### Task to complete
Copy all lines below exactly as written. Leave pictures out.

### Recorded data
**********
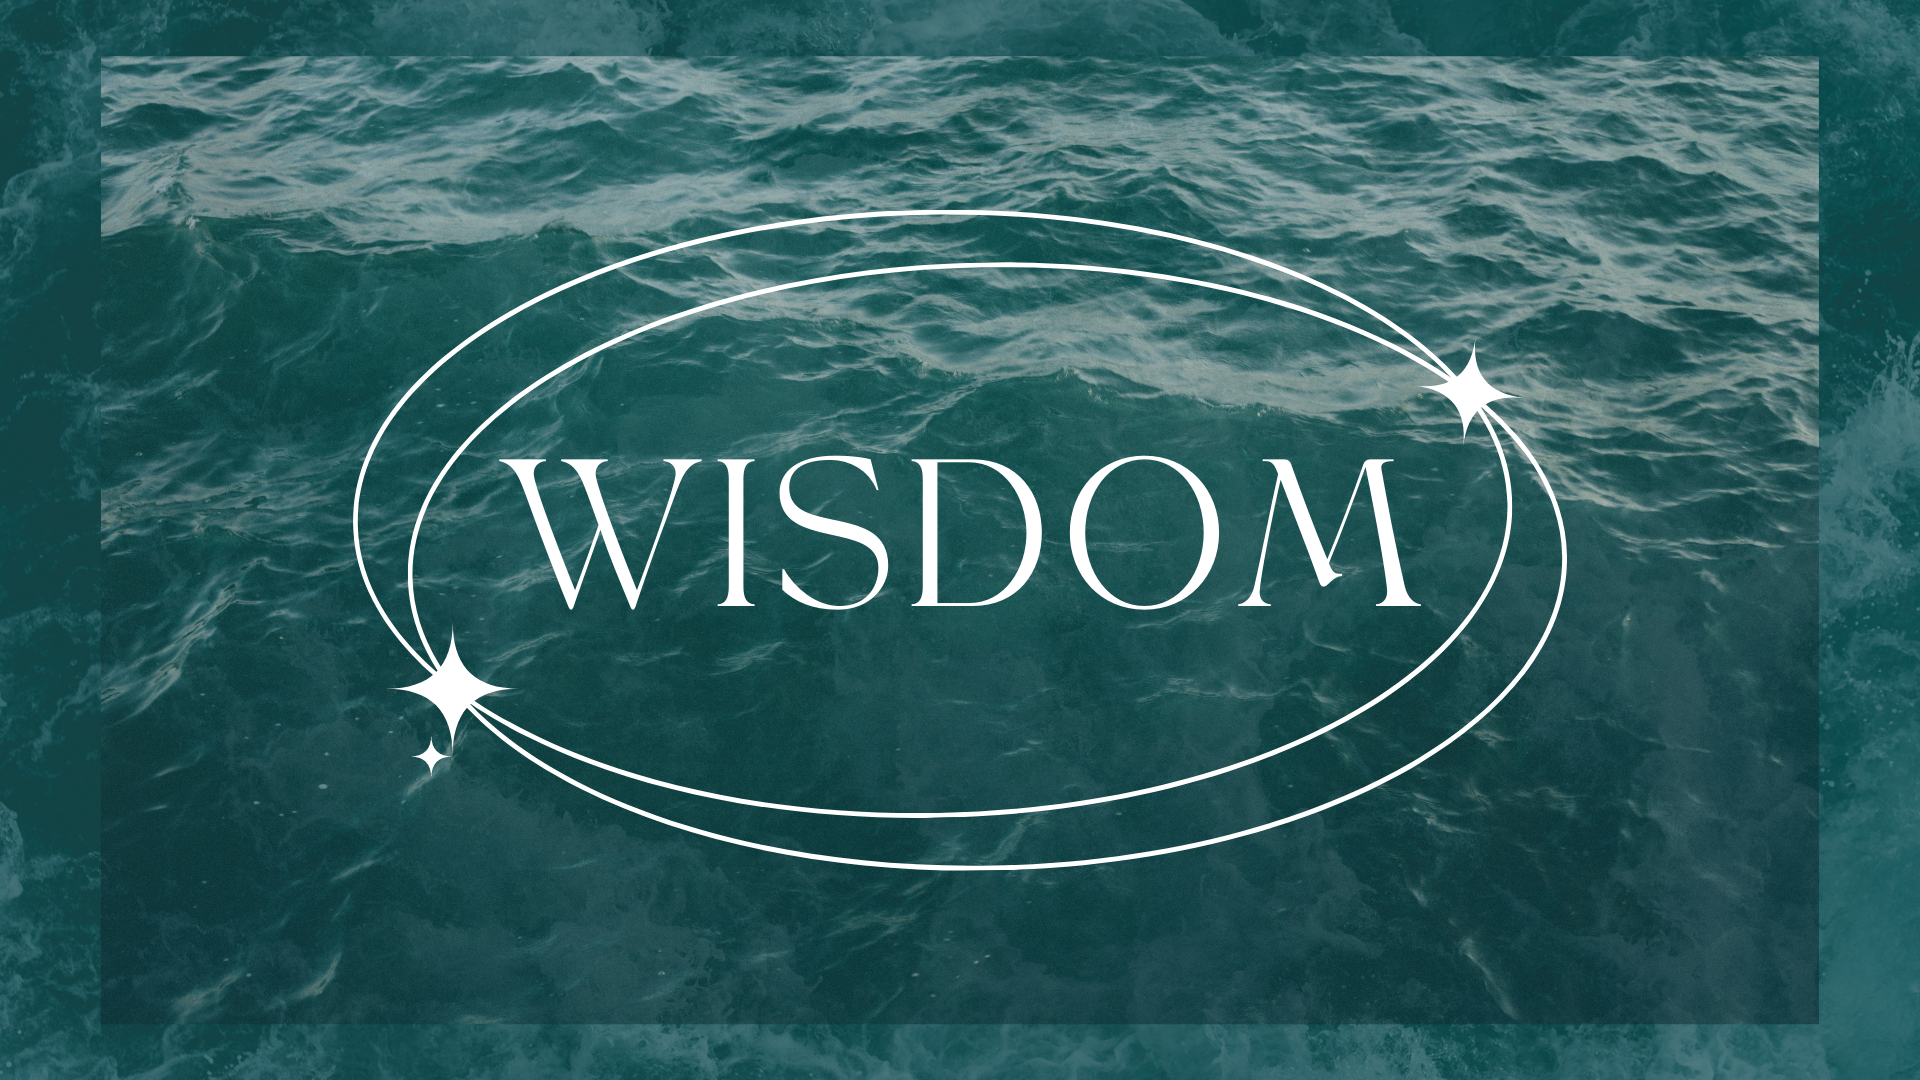 Wisdom banner
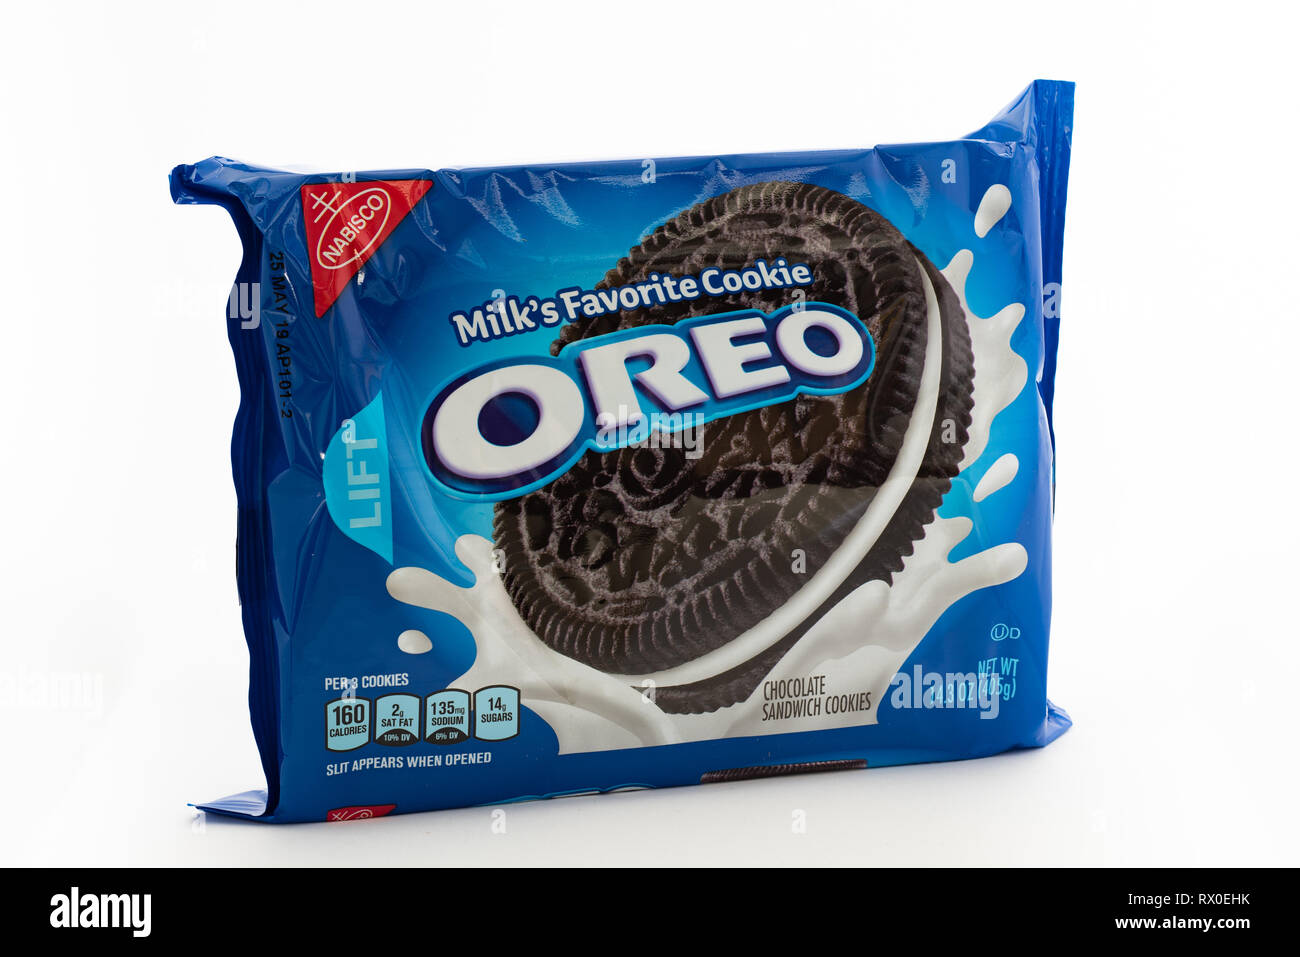 Eine helle blaue Verpackung der traditionellen Oreo Cookies, die Milch Favorite Cookie Stockfoto
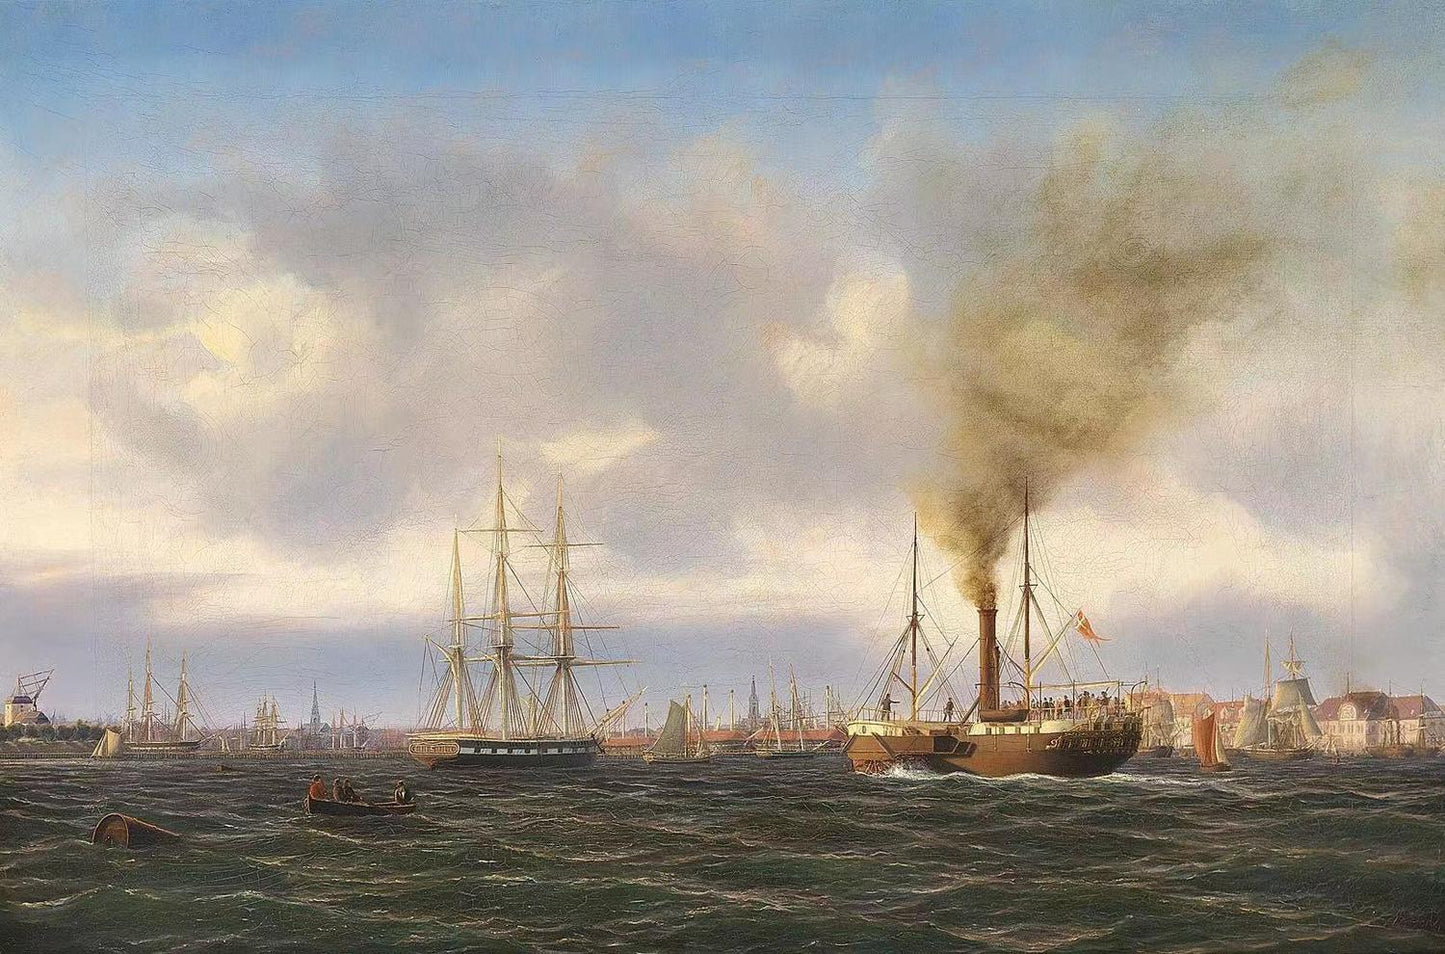 Dampskibet Skirner i Københavns Havn,Carl Bille,1815-1898
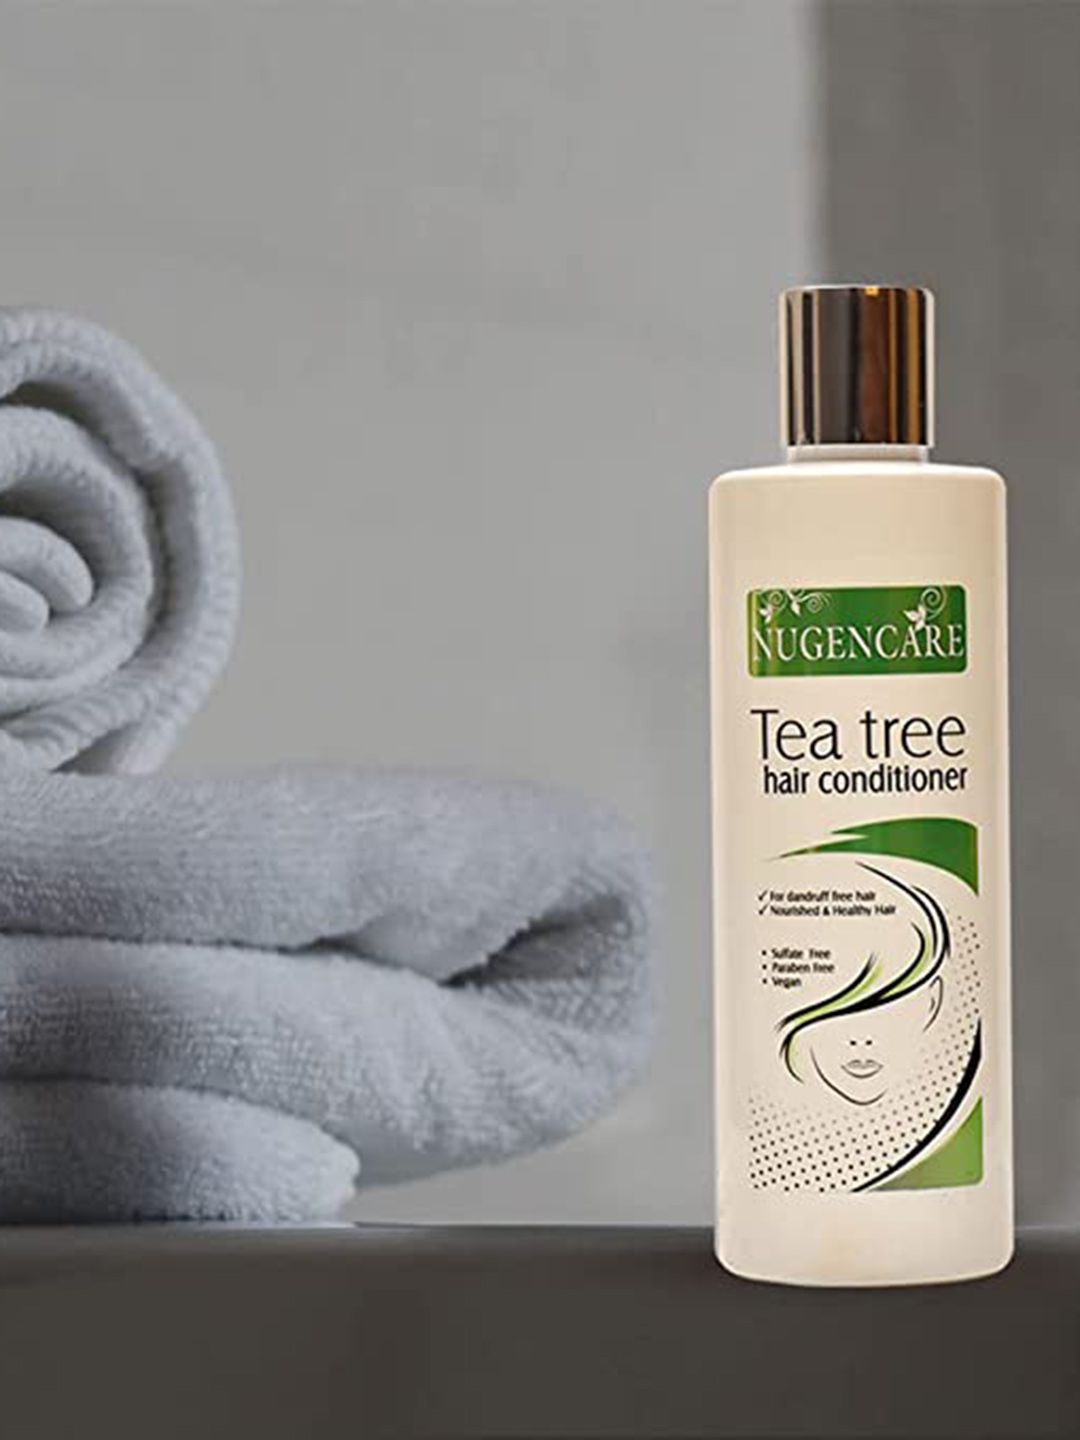 NUGENCARE Tea Tree Hair Conditioner 250 ml Price in India
**********
### Answer space
 Wisdom banner
 Eine helle blaue Verpackung der traditionellen Oreo Cookies, die Milch Favorite Cookie Stockfoto
 Dampskibet Skirner i Københavns Havn,Carl Bille,1815-1898
 NUGENCARE Tea Tree Hair Conditioner 250 ml Price in India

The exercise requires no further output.